I think she had more idea of how a honeymoon should be conducted than he had, because they were not seen again that night.
2
I was late for breakfast on the terrace, but I noticed that Stephen and Tony were lingering longer than usual. Perhaps they had decided at last that it was too cold for a bathe; I had the impression, however, that they were lying in wait. They had n
ever been so friendly to me before, and I wondered whether perhaps they regarded me as a kind of cover, with my distressingly normal appearance. My table for some reason that day had been shifted and was out of the sun, so Stephen suggested that I should join theirs: they would be off in a moment, after one more cup. . . . The contusion was much less noticeable today, but I think he had been applying powder.

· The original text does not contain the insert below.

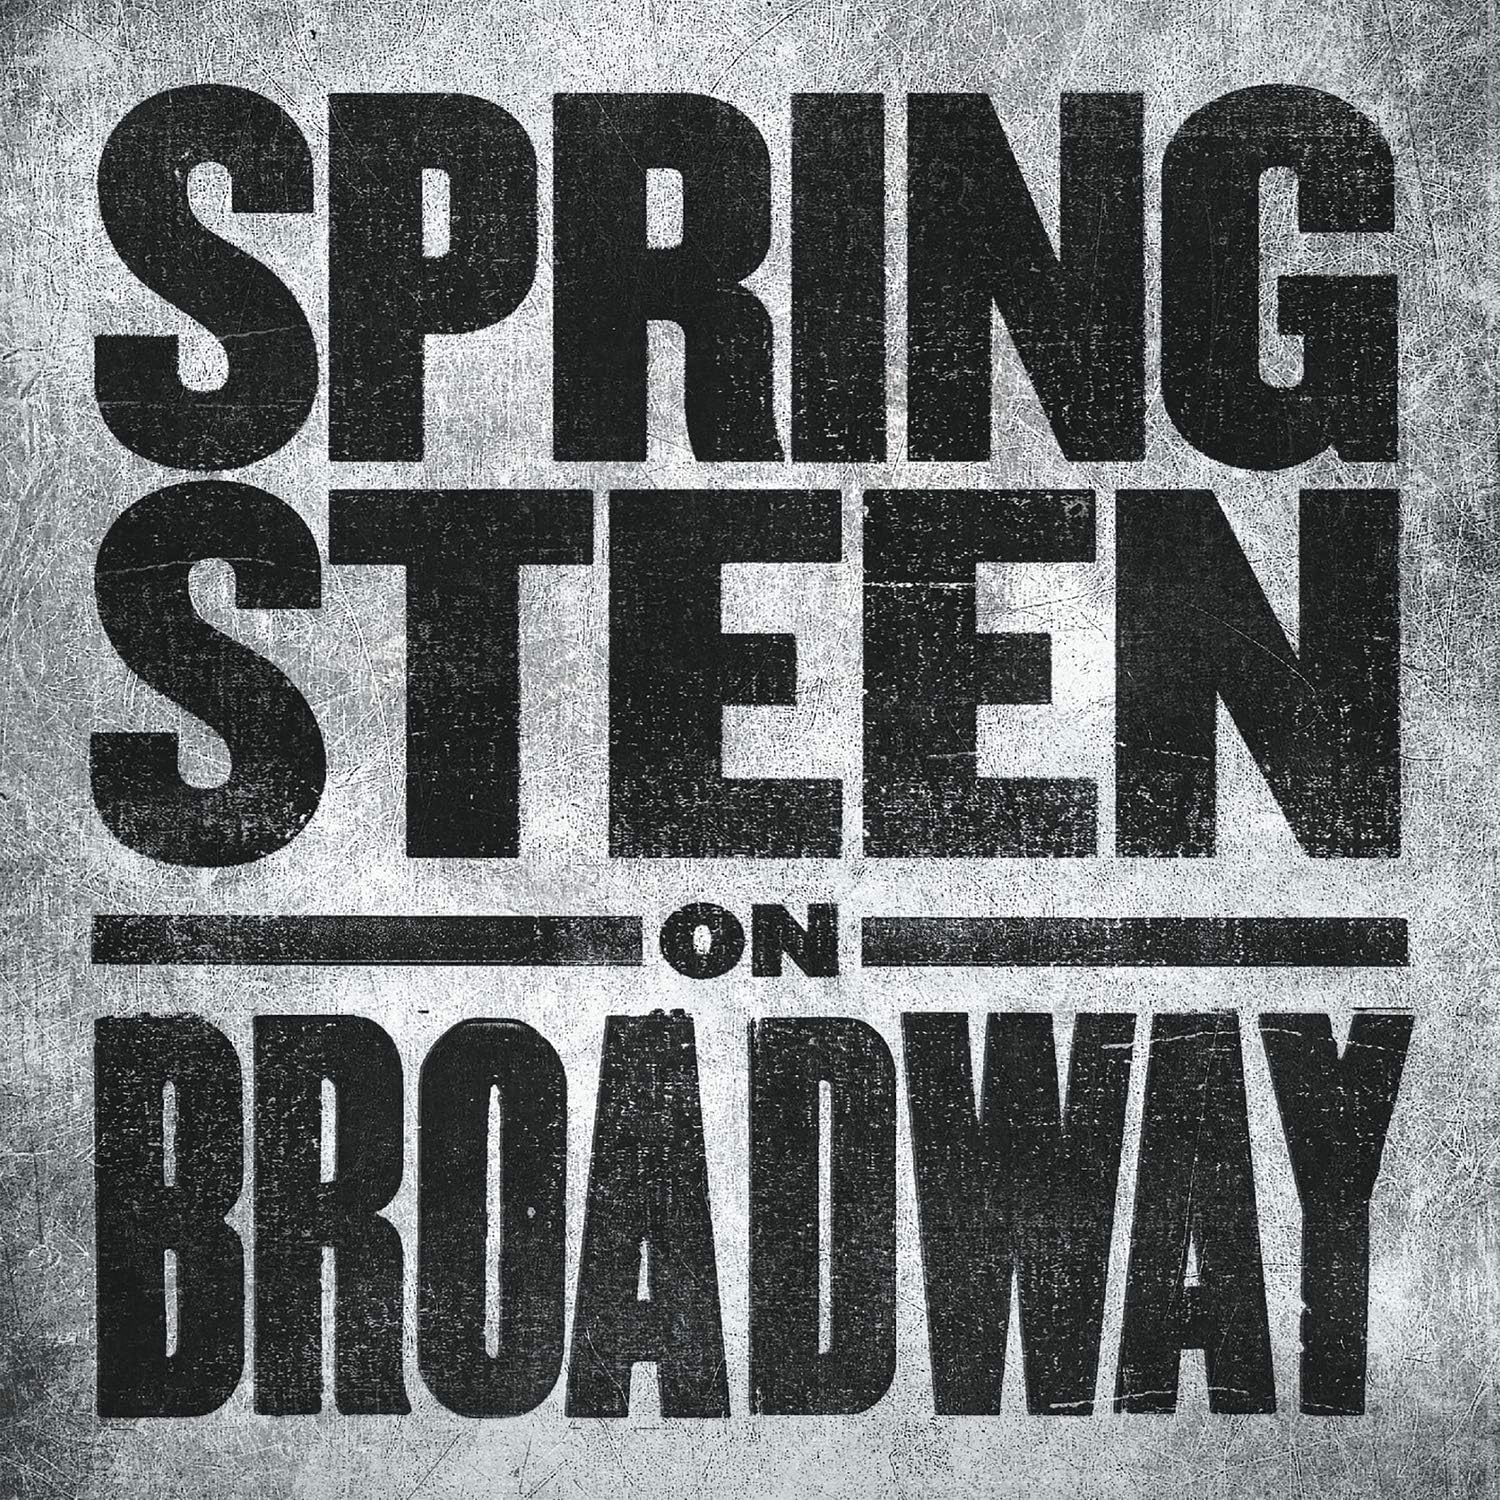 Springsteen on Broadway [2 CDs]

‘You staying here long?’ I asked them, conscious of how clumsily I constructed a conversation compared with their easy prattle.
‘We had meant to leave tomorrow,’ Stephen said, ‘but last night we changed our minds.’
‘Last night?’
‘It was such a beautiful day, wasn’t it? “Oh”, I said to Tony, “surely we can leave poor dreary old London a little longer?” It has an awful staying power – like a railway sandwich.’
‘Are your clients so patient?’
‘My dear, the clients? You never in your life saw such atrocities as we get from Brompton Square and like venues. It’s always the same. People who pay others to decorate for them have ghastly taste themselves.’
‘You do the world a service then. Think what we might suffer without you. In Brompton Square.’
Tony giggled, ‘I don’t know how we’d stand it if we had not our private jokes. For example, in Mrs Clarenty’s case, we’ve installed what we call the Loo of Lucullus.’
‘She was enchanted,’ Stephen said.
‘The most obscene vegetable forms. It reminded me of a harvest festival.’
They suddenly became very silent and attentive, watching somebody over my shoulder. I looked back. It was Poopy, all by herself. She stood there, waiting for the boy to show her which table she could take, like a new girl at school who doesn’t know the rules. She even seemed to be wearing a school uniform: very tight trousers, slit at the ankle – but she hadn’t realized that the summer term was over. She had dressed up like that, I felt certain, so as not to be noticed, in order to hide herself, but there were only two other women on the terrace and they were both wearing sensible tweed skirts. She looked at them nostalgically as the waiter led her past our table to one nearer the sea. Her long legs moved awkwardly in the pants as though they felt exposed.